A further disadvantage of the apparatus taught by U.S. Patent Application 2010/0288496 is that each of the balls are loaded through the axial bore of the injector by rotating the ball cartridge into a receiving position and then aligning each ball cartridge with the axial bore so as to be able receive a ball from above as it is dropped through the axial bore. This results in a time consuming an awkward loading procedure wherein balls are loaded serially, one after another, with each ball cartridge then being stroked between misaligned, aligned and then misaligned position. In an alternate loading procedure, this application suggest to pre-load the apparatus by removing the ball cartridges from each housing, seating the balls into each ball cartridge, and then reinstalling the loaded ball cartridges on each radial housing. This alternate loading procedure is also time consuming and awkward.

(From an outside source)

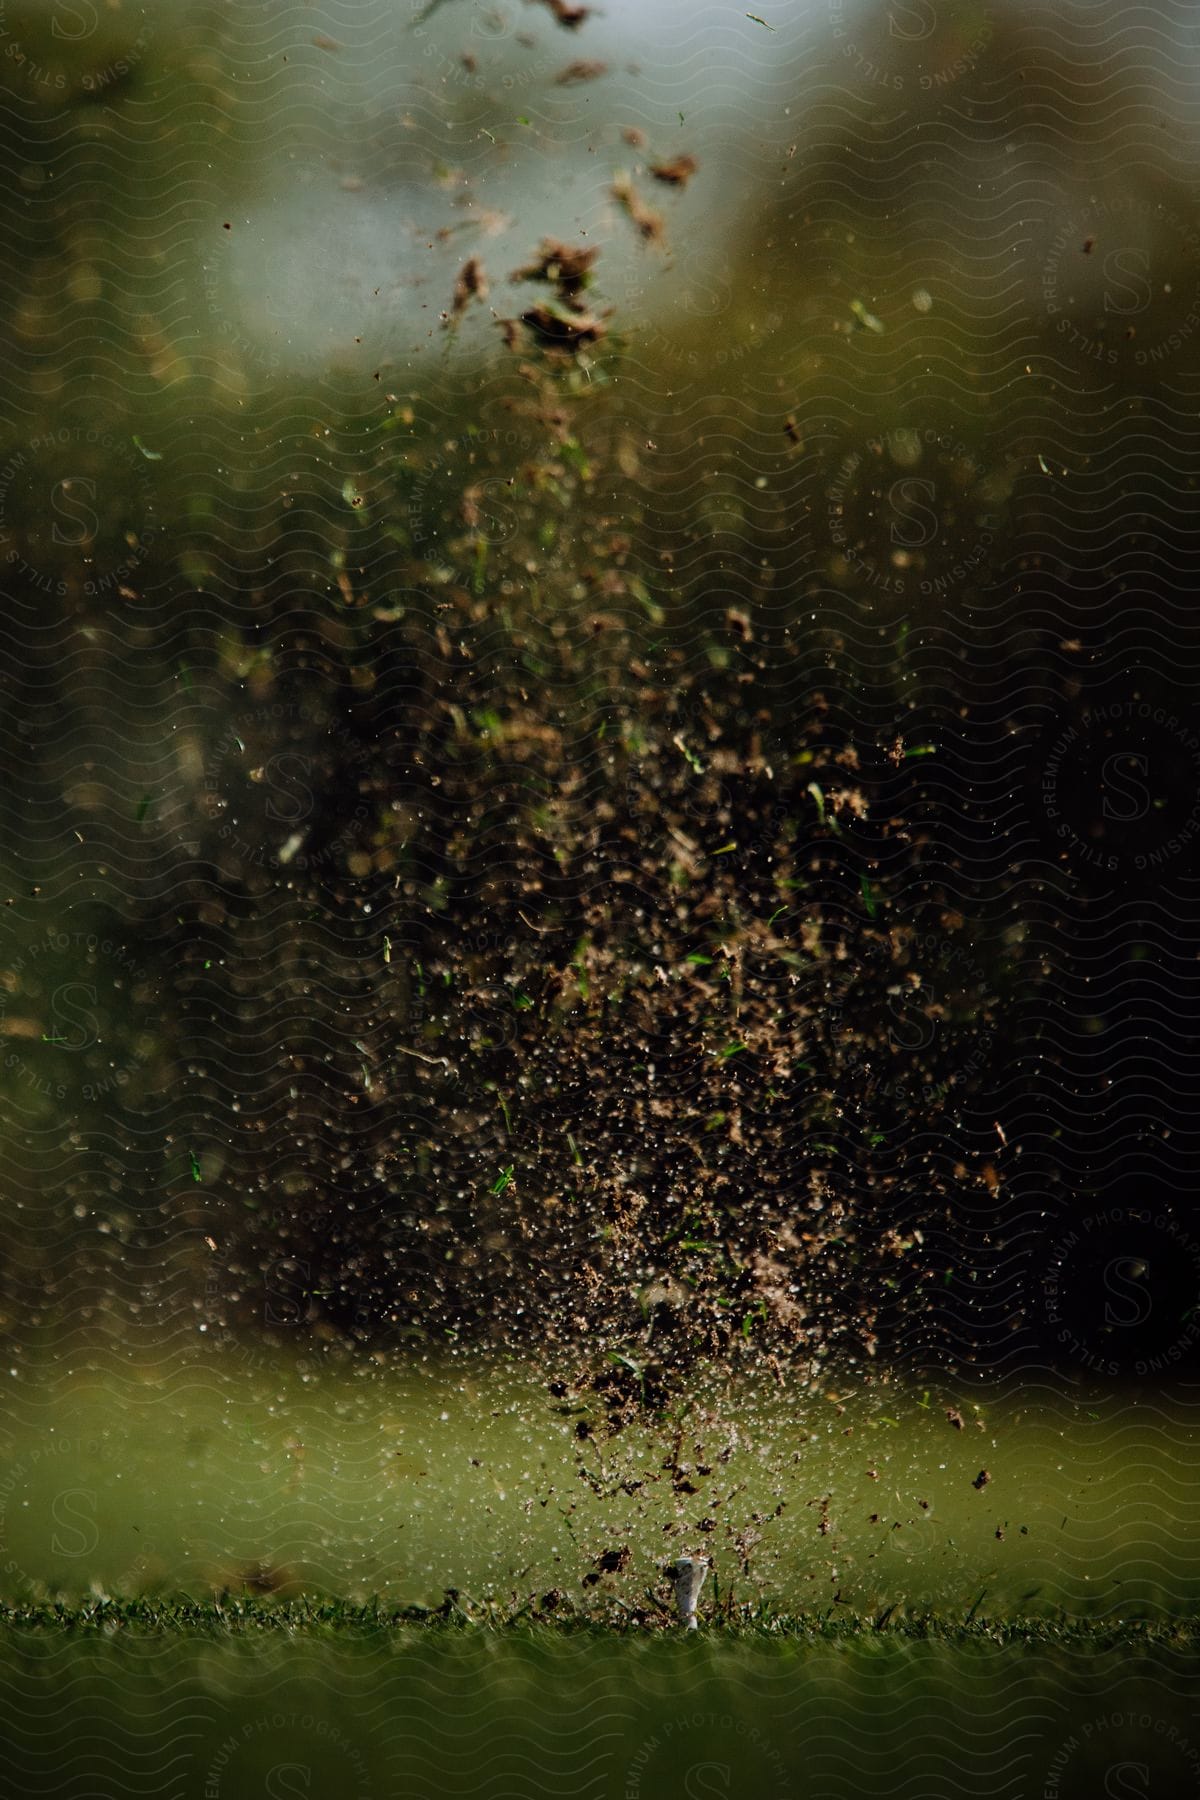 Dirt and grass debris flies into the air over golf tee after golf ball has been hit.

Additionally, in the primary suggested loading procedure, the balls will need to be carefully aligned along the axial bore and above its particular ball cartridge before being dropped, so as to avoid missing the ball cartridge and then having the ball continue on downward the axial bore. If a dropped ball does miss the intended ball cartridge and continues downward the axial bore then, in a best case scenario such as during pre-loading, the ball exits at the bottom end of the injector to be simply retrieved and loading can then be attempted again. However, if a dropped ball misses the intended ball cartridge when the injector is mounted to the wellhead structure or above a gate valve, then the injector will have to be disconnected from the wellhead or gate valve so as to then retrieve the ball. In a worst case scenario, a ball that is dropped in the axial bore and which misses the ball cartridge could prematurely be launched down the wellbore and premature activate one or more downhole tools (such as packers), resulting a ruined fracturing operation. As such the application even teaches use of a calibrated tubular or sleeve to assist with the loading of the balls through the axial bore. This additional piece of equipment adds further complication to the apparatus and loading procedure.

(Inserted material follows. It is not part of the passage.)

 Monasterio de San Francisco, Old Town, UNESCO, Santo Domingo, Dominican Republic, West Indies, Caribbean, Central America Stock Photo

Another disadvantage of these prior art devices is that they all require that the plurality of balls are all subject to the pressurized environment of the wellbore, while they are waiting to be released into the wellbore. One disadvantage of having all of the ball subject to wellbore pressure is that additional sealing components and engineering specifications (e.g. to meet typical 10,000 psi pressure rating) are required for these devices, making such ball injecting apparatus more complex and more expensive than would otherwise be the case. Furthermore, such prior art ball injecting apparatus has a potential for many different pressure leak points; thereby creating a potential safety hazard. Another disadvantage of having all the preloaded balls subject to wellbore pressure is that the entire ball injecting apparatus will need to be depressurized in order to reload and/or change ball sizes.
As such, there remains a need for a safe, simple and efficient apparatus and mechanism for loading balls therein and for subsequent introducing such balls into a wellbore.